Stored dataset items:
***
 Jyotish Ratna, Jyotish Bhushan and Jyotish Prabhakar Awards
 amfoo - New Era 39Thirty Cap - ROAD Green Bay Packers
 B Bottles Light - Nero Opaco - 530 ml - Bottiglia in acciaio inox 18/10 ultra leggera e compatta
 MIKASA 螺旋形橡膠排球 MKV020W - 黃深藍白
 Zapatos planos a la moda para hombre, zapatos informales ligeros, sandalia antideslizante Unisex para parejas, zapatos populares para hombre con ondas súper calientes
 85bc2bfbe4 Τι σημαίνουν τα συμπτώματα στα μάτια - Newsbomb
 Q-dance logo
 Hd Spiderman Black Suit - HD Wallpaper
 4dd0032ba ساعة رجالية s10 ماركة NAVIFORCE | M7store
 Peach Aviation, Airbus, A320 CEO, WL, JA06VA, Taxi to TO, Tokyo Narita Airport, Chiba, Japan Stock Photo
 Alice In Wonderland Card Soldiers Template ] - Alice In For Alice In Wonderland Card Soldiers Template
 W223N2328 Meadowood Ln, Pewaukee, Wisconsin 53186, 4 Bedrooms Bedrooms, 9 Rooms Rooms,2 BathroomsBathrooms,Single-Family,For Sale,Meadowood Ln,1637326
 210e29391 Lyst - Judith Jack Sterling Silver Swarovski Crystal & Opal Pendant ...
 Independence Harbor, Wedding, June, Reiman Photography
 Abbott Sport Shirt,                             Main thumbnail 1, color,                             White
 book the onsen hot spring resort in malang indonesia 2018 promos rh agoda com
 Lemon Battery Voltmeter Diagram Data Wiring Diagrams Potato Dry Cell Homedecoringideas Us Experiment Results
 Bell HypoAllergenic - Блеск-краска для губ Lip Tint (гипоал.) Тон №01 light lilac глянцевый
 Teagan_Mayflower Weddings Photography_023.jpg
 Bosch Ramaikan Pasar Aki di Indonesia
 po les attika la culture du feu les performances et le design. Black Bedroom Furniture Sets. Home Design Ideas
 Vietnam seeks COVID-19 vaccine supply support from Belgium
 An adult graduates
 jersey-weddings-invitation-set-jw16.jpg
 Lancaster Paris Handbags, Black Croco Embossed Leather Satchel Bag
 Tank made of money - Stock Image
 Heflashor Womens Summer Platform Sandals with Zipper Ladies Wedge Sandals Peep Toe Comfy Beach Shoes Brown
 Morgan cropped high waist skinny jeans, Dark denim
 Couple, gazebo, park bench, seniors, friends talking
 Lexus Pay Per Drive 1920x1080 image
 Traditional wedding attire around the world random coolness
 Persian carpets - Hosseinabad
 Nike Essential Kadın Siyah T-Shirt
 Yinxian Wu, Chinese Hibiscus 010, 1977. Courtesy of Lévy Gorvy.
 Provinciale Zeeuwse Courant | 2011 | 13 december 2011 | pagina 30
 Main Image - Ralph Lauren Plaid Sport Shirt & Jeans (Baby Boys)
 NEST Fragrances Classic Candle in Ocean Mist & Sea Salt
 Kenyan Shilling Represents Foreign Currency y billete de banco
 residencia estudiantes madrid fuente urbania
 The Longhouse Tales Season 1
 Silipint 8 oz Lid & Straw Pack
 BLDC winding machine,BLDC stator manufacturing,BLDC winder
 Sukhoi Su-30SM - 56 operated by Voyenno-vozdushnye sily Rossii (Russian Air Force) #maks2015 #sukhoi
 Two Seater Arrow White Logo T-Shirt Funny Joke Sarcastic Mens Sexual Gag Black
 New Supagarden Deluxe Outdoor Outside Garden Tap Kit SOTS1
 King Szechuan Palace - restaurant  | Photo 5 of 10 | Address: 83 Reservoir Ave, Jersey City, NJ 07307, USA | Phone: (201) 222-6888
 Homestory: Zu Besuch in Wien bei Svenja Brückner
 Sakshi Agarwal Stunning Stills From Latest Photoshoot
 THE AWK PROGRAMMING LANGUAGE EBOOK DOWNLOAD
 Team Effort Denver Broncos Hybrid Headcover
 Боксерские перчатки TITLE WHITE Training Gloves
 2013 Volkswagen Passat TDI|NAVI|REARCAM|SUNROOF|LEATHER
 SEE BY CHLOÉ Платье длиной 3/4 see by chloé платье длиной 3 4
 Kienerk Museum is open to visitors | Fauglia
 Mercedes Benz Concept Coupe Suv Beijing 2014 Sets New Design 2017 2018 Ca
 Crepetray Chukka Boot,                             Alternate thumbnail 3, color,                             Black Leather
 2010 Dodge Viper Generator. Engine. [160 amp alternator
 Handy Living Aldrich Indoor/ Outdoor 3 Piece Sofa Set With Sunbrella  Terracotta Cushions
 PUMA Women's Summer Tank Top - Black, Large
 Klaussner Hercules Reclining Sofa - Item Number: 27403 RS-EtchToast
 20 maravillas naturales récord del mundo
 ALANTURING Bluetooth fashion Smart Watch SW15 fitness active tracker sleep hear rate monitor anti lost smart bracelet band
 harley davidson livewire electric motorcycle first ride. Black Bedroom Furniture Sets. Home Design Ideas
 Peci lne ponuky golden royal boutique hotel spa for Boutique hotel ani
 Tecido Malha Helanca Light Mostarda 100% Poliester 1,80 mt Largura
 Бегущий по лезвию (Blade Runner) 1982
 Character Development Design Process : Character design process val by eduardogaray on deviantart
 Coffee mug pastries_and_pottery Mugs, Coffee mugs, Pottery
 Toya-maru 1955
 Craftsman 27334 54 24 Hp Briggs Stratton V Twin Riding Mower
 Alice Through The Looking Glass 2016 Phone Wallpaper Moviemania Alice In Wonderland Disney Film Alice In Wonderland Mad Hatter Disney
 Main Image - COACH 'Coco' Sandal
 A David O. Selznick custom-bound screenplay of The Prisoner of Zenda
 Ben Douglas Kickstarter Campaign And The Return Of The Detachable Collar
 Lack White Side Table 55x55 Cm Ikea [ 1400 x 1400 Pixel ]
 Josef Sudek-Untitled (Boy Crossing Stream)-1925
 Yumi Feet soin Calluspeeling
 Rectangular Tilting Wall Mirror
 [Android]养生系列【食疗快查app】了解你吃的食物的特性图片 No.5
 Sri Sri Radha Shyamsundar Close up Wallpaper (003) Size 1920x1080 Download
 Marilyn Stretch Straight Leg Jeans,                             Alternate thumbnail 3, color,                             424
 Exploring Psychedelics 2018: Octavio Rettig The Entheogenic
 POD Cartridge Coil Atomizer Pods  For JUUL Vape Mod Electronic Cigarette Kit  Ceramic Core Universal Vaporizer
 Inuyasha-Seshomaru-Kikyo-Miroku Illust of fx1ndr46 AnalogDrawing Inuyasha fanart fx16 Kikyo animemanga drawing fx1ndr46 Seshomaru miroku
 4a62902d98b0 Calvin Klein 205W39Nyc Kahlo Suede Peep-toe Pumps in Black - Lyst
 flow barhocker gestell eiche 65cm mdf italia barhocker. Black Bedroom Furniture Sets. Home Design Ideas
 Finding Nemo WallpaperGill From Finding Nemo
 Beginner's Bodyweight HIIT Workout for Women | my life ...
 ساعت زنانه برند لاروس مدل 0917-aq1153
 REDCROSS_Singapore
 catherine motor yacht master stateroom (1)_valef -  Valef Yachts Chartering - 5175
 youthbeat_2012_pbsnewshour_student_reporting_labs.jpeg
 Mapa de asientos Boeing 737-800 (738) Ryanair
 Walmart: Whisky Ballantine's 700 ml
***
◆ **Task to complete**: Find each line in the records holding the string "Shirt" and show it.

◆ **Expected answer**:
 Abbott Sport Shirt,                             Main thumbnail 1, color,                             White
 Nike Essential Kadın Siyah T-Shirt
 Main Image - Ralph Lauren Plaid Sport Shirt & Jeans (Baby Boys)
 Two Seater Arrow White Logo T-Shirt Funny Joke Sarcastic Mens Sexual Gag Black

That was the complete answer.